■ **Exercise prompt**
Output every line below exactly, please, omitting pictures.

■ **Recorded information**
- Opening Delimiter -

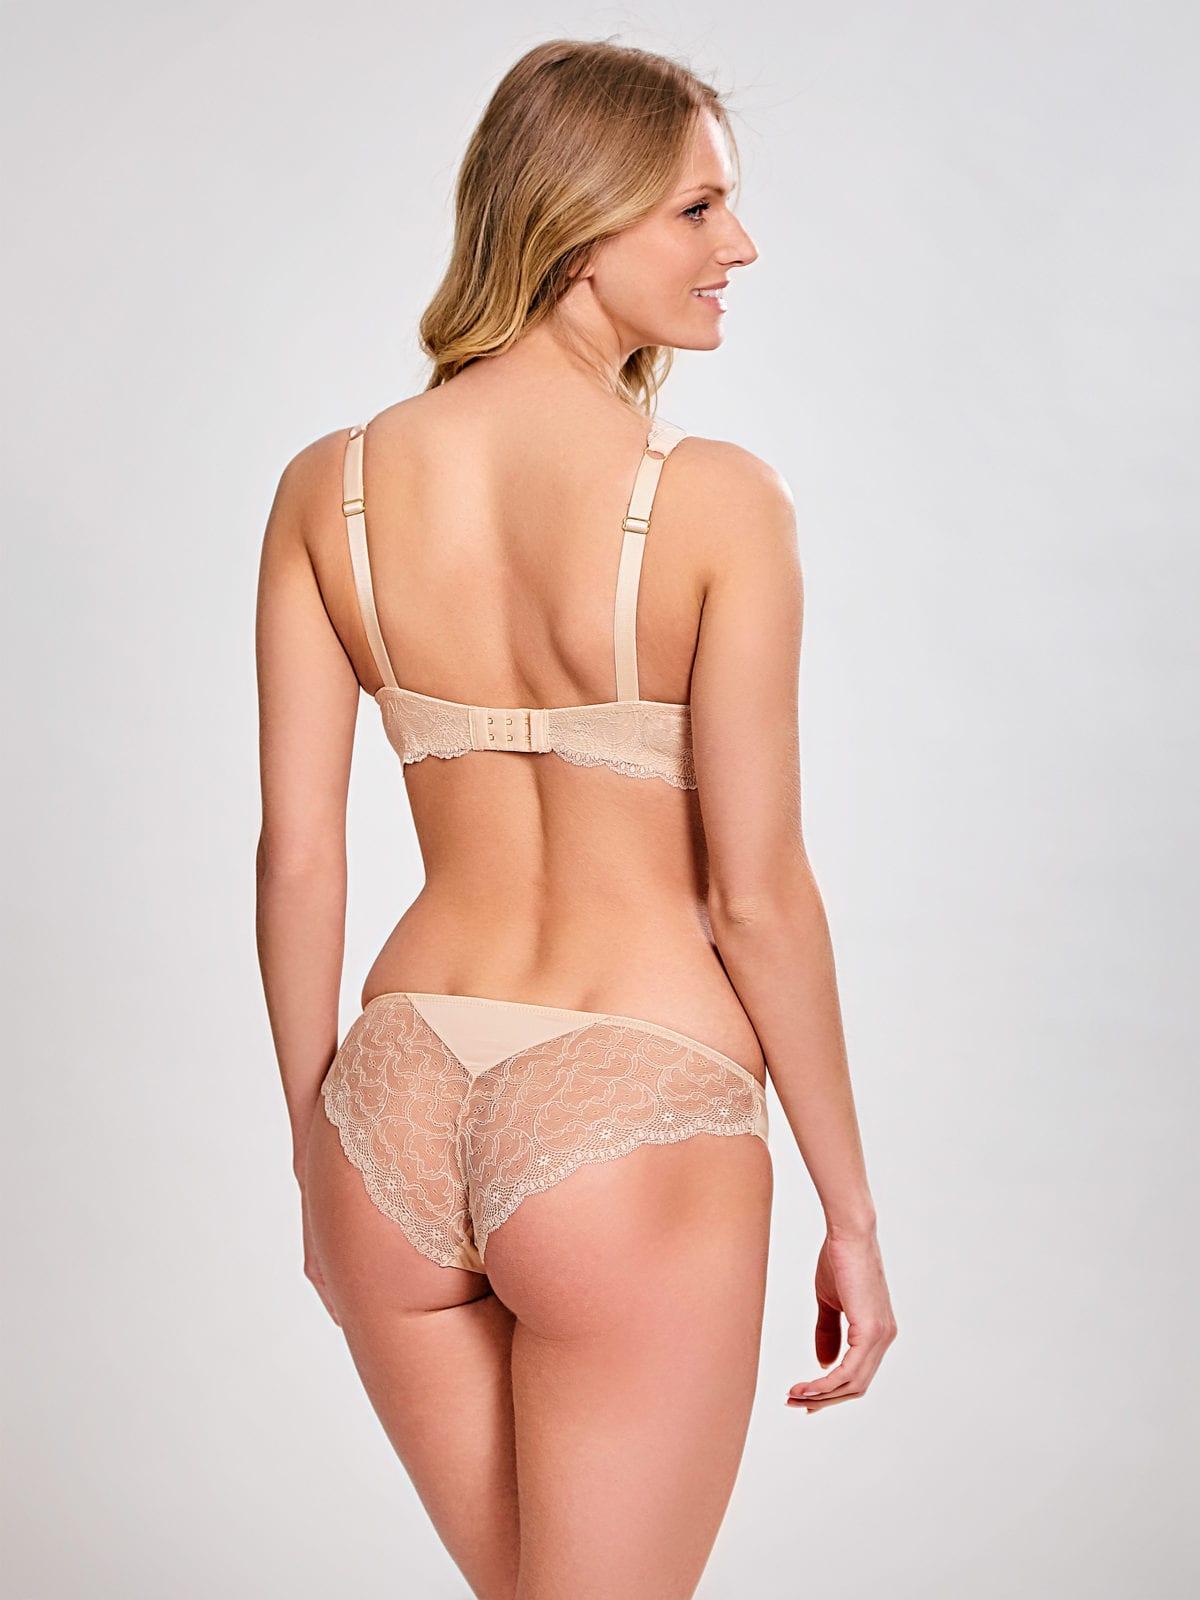 Бюстгальтеры 7951_208_Ardour Sweetheart Bra Nude Back Trade 4
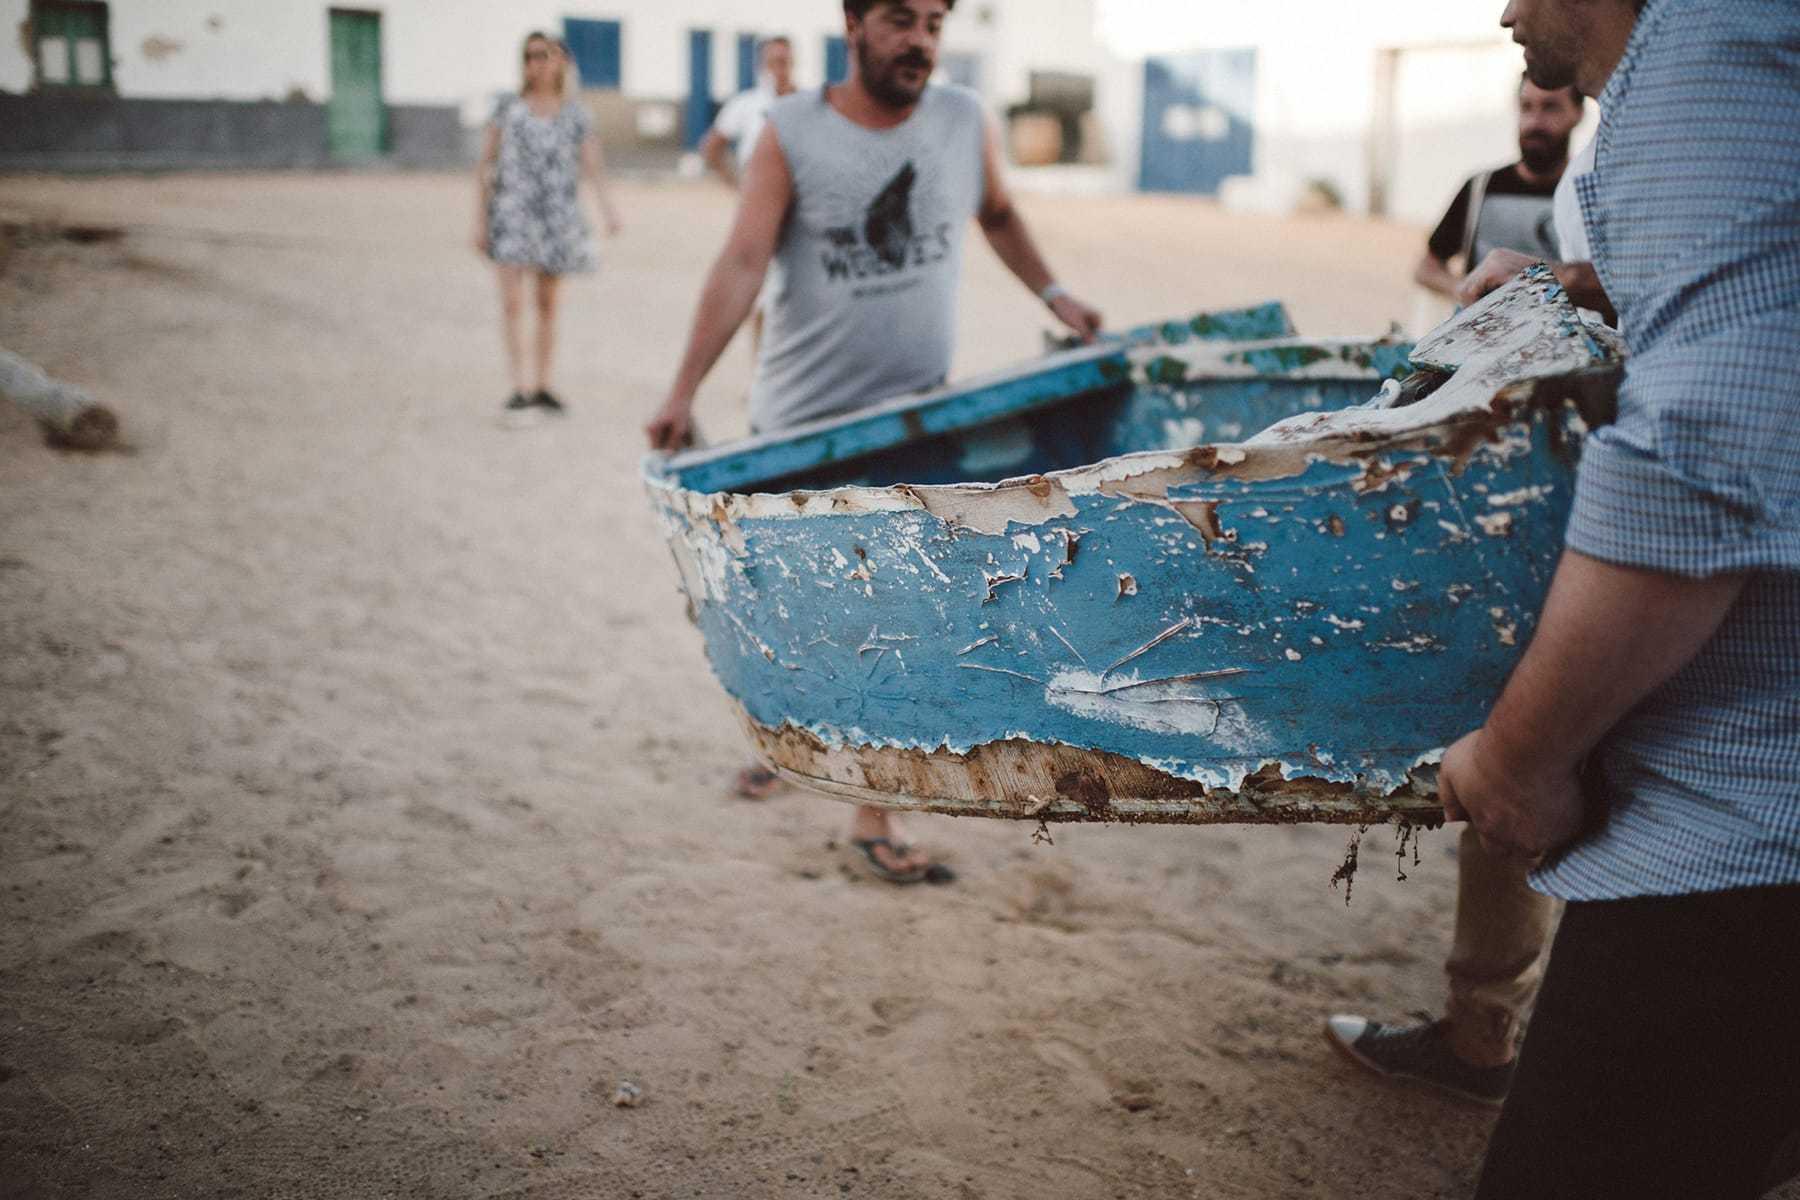 wolves_workshop_hilario_sanchez_fotografo_boda_españa_367
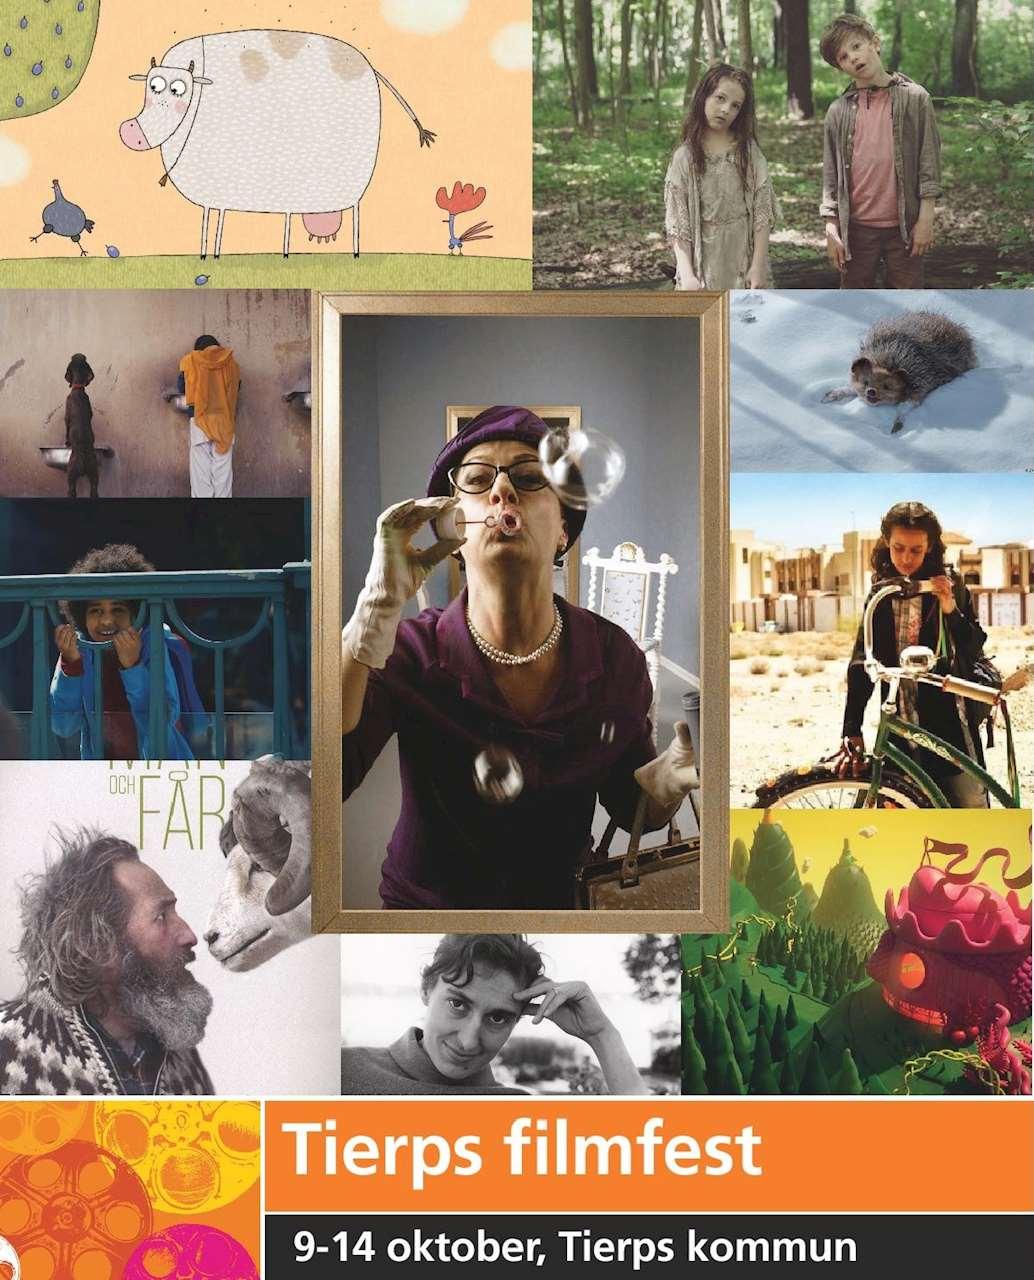 Filmtips 14 oktober

- Closing Delimiter -

■ **Exercise result**
 Бюстгальтеры 7951_208_Ardour Sweetheart Bra Nude Back Trade 4
 wolves_workshop_hilario_sanchez_fotografo_boda_españa_367
 Filmtips 14 oktober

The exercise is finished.